When a graph’s duplicate nodes have been addressed, the graph becomes an entity resolved knowledge graph. Entity resolved knowledge graphs increase the accuracy of downstream graph analytics, graph-based machine learning, distilling visualizations, and much more.
Entity resolved knowledge graphs are essential across endless applications, including fraud prevention systems, clinical trials in health care, customer service, marketing, and even insider threat and voter registration.
ERKG: Before and After
The visualizations below depict a graph of 85K records about Las Vegas businesses, taken from public sources. This data has a 2% duplication rate, although some businesses have up to 14 duplicate records. For this example, we built an entity resolved knowledge graph and then used graph analytics to understand the results. This was quick to run and visualize.
Image A: 85K unconnected data records; Image B: Entity resolved knowledge graph generated from this data; Image C: Zoomed-in detail of a business entity with multiple duplicate records
By applying entity resolution to knowledge graphs, organizations are able to make better decisions from their enterprise data, be more competitive, reduce fraud, and service customers better. Many organizations struggle with getting entity resolution into their graph. But it doesn’t have to be hard anymore.
Here’s how you can do this too.
Tutorial Overview
This hands-on tutorial in Python demonstrates the integration of Senzing and Neo4j to construct an entity resolved knowledge graph. The code is simple to download and easy to follow and presented so you can try it with your own data.
Here are the steps we will go through to create your entity resolved knowledge graph, with an estimated project time of 35 minutes:
- Use three datasets about Las Vegas area businesses: 85K records, 2% duplicates. (10 minutes)
- Run entity resolution in Senzing to resolve duplicate business names and addresses. (15 minutes)
- Parse the exported results to construct a knowledge graph in Neo4j. (5 minutes)
- Analyze and visualize the entity resolved knowledge graph. (5 minutes)
We’ll walk through example code based on Neo4j Desktop, using the Graph Data Science (GDS) library to run Cypher queries on the graph, preparing data for downstream analysis and visualizations with Jupyter, Pandas, Seaborn, and PyVis.
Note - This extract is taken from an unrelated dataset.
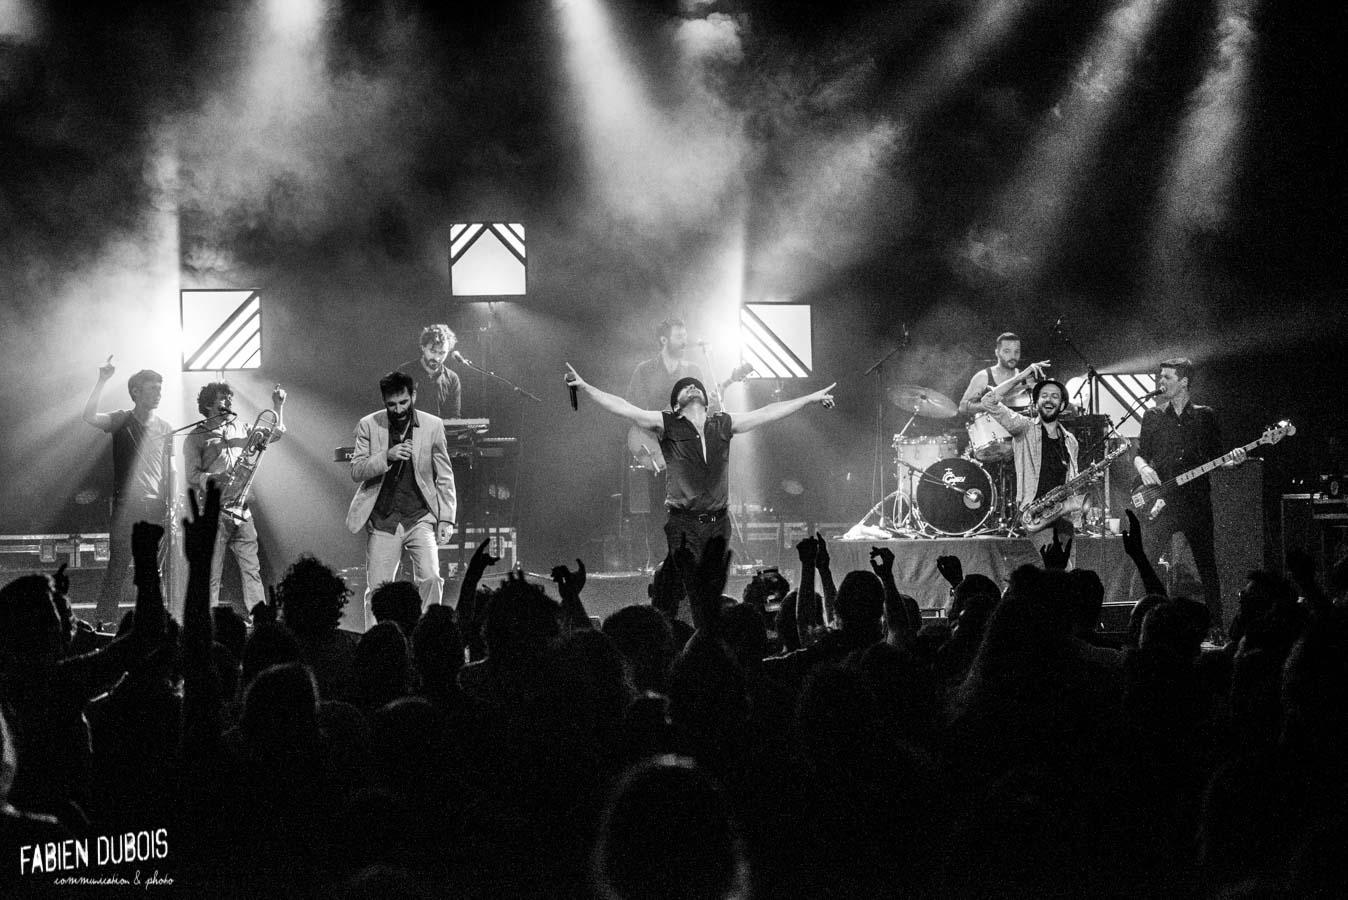 Photo Babylon Circus Transbordeur 20 ans Médiatone Villeurbanne Lyon France 2017

In this tutorial, we’ll work in two environments. The configuration and coding are at a level that should be comfortable for most people working in data science. You’ll need to have familiarity with how to:
- Install a desktop/laptop application.
- Clone a public repo from GitHub.
- Launch a server in the cloud.
- Use simple Linux command lines.
- Write some code in Python.
Cloud computing budget: running a cloud instance for Senzing in this tutorial cost a total of $0.04 USD.
Neo4j Environment Setup
Neo4j provides native graph storage, graph data science, power graph algorithms and machine learning, analytics, visualization, and so on – with enterprise-grade security controls to scale transactional and analytic workloads. First released in 2010, Neo4j developed and pioneered the use of Cypher, which is a declarative graph query language for labeled property graphs.
Graphs help us understand relationships – unlike relational databases, data warehouses, data lakes, data lakehouses, etc., that tend to emphasize facts.
In Cypher, like the English language, nouns are nodes (aka, entities) in a graph, while verbs are the relationships connecting entities. Cypher defines labels on nodes, in the English language. These categories determine whether proper nouns are a person, place, or thing – and so on. Cypher also defines properties for both nodes and relations, which are adjectives in the English language. The expressiveness of Cypher queries enables building data analytics applications with 10x less code than comparable apps in SQL.
To start coding, let’s set up a Neo4j Desktop application, beginning with the download instructions for your desktop or laptop. There are multiple ways to get started with Neo4j, though Desktop provides a quick way to start with the features we’ll need. It’s available on Mac, Linux, and Windows.
Once the download completes, follow the instructions to install the Desktop application and register to obtain an activation key. Open the application and copy/paste the activation key.
Next, we must create a new project and a database and give it a password. Here are the settings we’ll use:
- Project:
Entity Resolution
(our setting, not needed for credentials) - Database:
Senzing
(our setting, not needed for credentials) - DBMS:
neo4j
(default value, not changed) - Username:
neo4j
(default value, not changed) - Password:
uSIv!RFx0Dz
(our setting, randomly generated)
We also need to select a Neo4j version – here, we’ll use 5.17.0, which is recent at the time of this writing.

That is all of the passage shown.